** HOW TO COMPLETE THIS TASK **
An exact copy of all the lines below is required, with every image left out.

** DATASET EXTRACT **
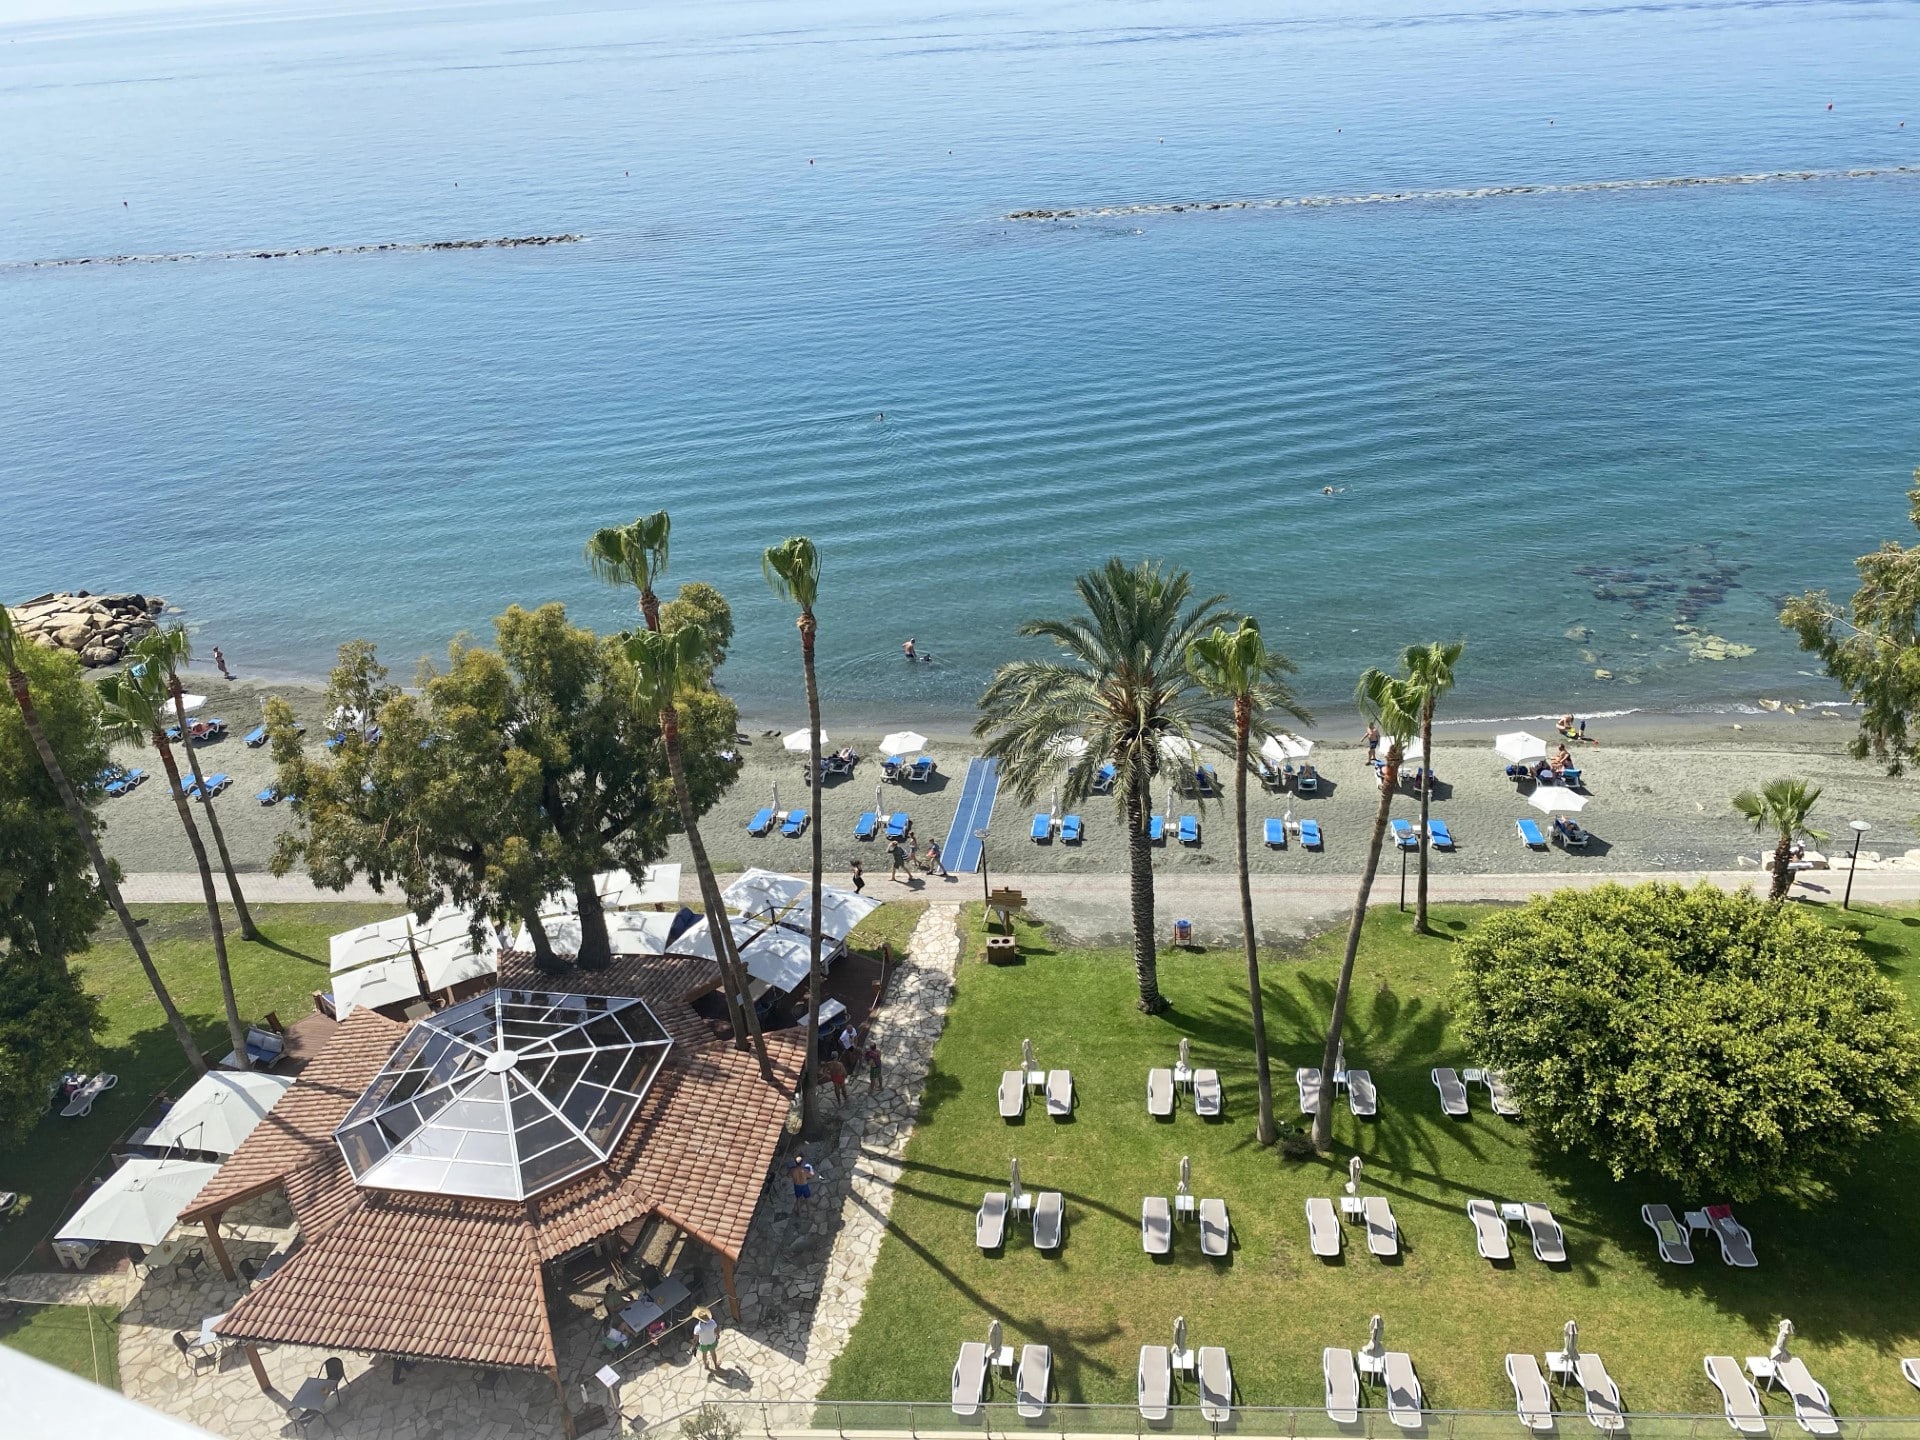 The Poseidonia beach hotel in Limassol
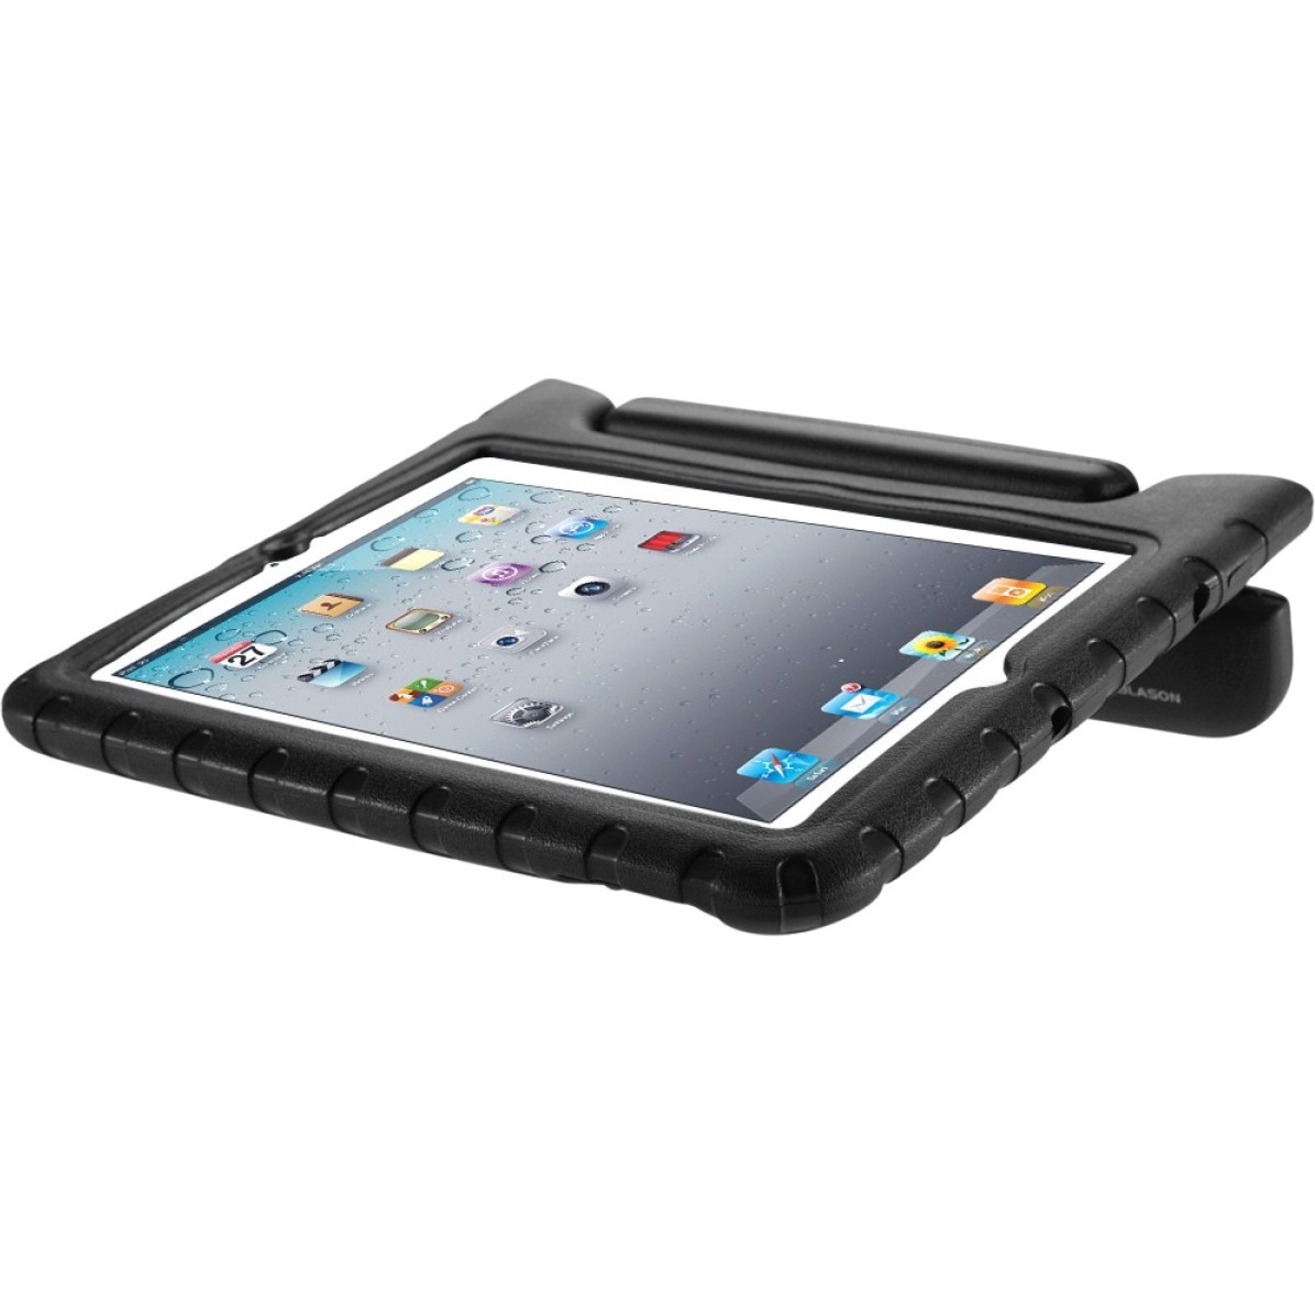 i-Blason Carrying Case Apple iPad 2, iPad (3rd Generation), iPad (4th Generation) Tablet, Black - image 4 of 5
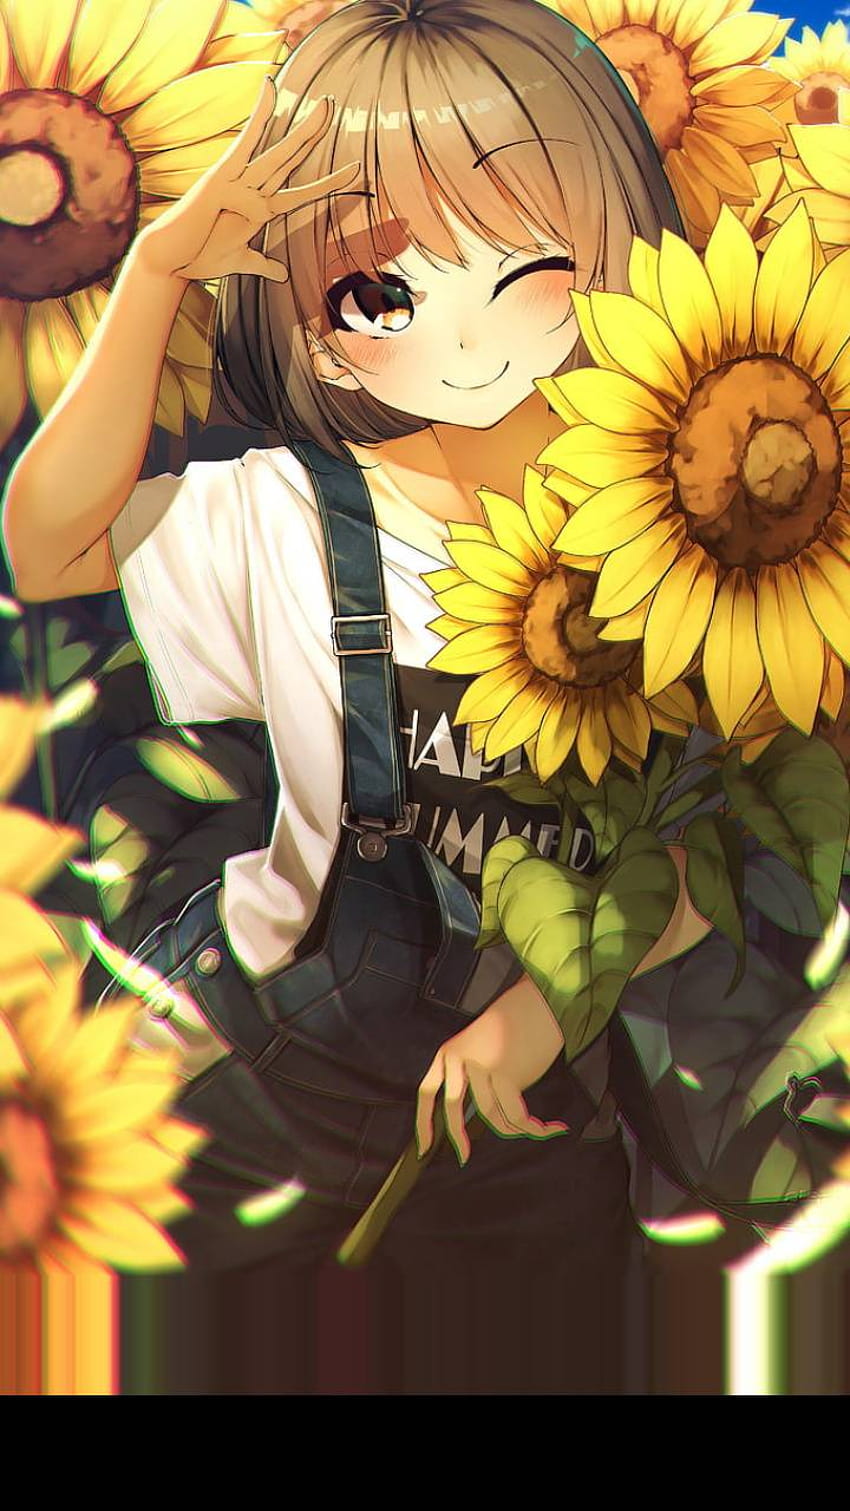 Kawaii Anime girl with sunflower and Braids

** EXERCISE OUTPUT **
 The Poseidonia beach hotel in Limassol
 i-Blason Carrying Case Apple iPad 2, iPad (3rd Generation), iPad (4th Generation) Tablet, Black - image 4 of 5
 Kawaii Anime girl with sunflower and Braids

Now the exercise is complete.